La nana qui s'offrait au soleil sur le parvis

Publié le par Laurine Thizy

La nana qui s'offrait au soleil sur le parvis

Esplanade de la Bibliothèque Interuniversitaire Denis Diderot, parvis René Descartes, Lyon septième. Un lundi de janvier largement au-dessus des normales saisonnières, on fête les Paulin. Les gens se promènent en petits blousons ou manteaux ouverts, l'heure du café spéculoos est passée, l'entre-midi-et-deux laisse la place au 14-heures-faut-y-aller-on-est-que-lundi. Le ciel est bleu comme en plein mois d'août, bleu radieux uniforme peint au rouleau sur la voûte du ciel, ce n'est pas normal, pas normal mais ô combien agréable. Je fais mon trajet maison-lieu de travail - c'est-à-dire que je traverse les 200mètres d'esplanade qui séparent ma rue de l'ENS - éblouie réjouie de toute cette lumière.

Au loin une femme s'arrête, manteau noir, petit foulard rose, cartable en cuir de prof, cheveux auburn sur les épaules - le genre ni franchement lisses ni vraiment frisés, plutôt gonflés et difficiles à coiffer, ouvert en corolle derrière ses oreilles. Elle ferme les yeux et lève la tête vers le ciel, de loin on ne peut pas voir qu'elle a fermé les yeux mais on le sait, on en a la certitude absolue : c'est écrit dans son attitude, le visage tourné vers le soleil, les bras le long du corps - l'immobilité ultime- c'est écrit dans sa façon de se donner, de se laisser prendre à la chaleur du ciel, la bénédiction. Elle a fermé les yeux et elle respire.

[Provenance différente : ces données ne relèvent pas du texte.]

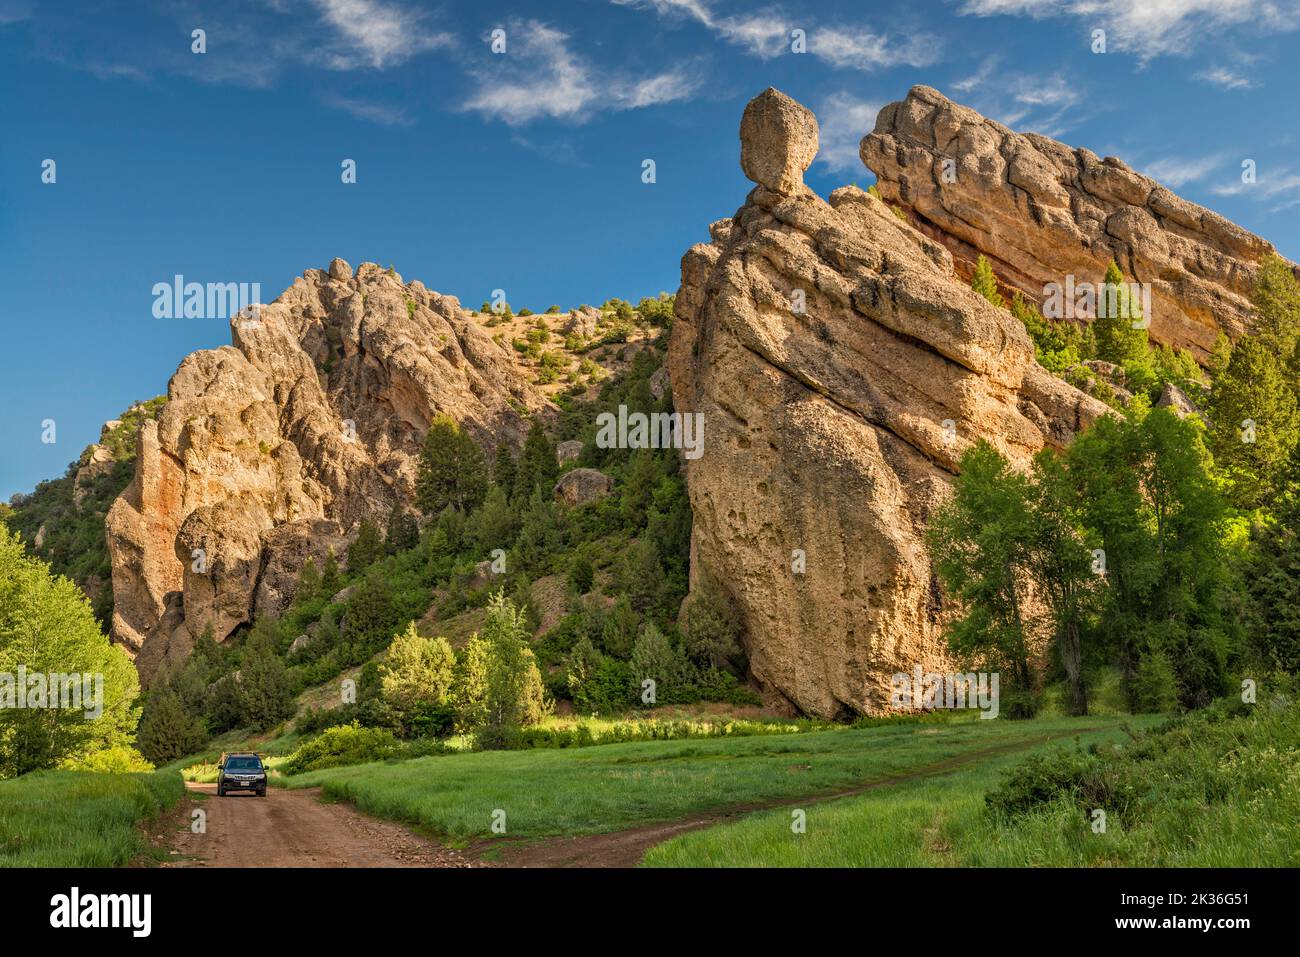 Conglomerate rocks, Reddick Canyon, Chicken Creek Road, FR 101, San Pitch Mountains, Uinta National Forest, Utah, USA Stock Photo

Je traverse le parvis et je me rapproche de plus en plus, trente secondes, une minute, deux peut-être. Les gens autour circulent sans la voir, ils reprennent bientôt, ils filent, ils n'ont pas le temps, fourmis agitées et au milieu : la grâce d'une fleur éclose. Elle est immobile toujours, parfaitement statique dans son offrande, paupières lisses, bouche rouge, respiration par le nez : c'est une sérénité, une gratitude, un répit, c'est une communion soudain, cette joie solaire, cette paix volée et fugace ; un moment qui a quelque chose de si intime, de si secret qu'à la regarder on se sent comme exclue de ce partage-là. Et on se demande à quoi elle pense, quelle douleur elle expie ou quelle inquiétude elle relâche, quelle fraîcheur enfin la porte, pour se laisser ainsi aller à la douceur d'une respiration, devant tout le monde, sans pudeur et sans ostentation, simplement parce qu'un printemps éphémère s'est égaré au ciel et qu'il faut savoir l'accueillir - la grâce.

J'arrive à sa hauteur, je la dépasse, et, quelques mètres plus loin, pour vérifier, je me retourne : elle a disparu. Sur l'esplanade de la bibliothèque, une femme en manteau noir et foulard rose se presse vers les portes vitrées automatiques. Il ne faudrait pas être en retard.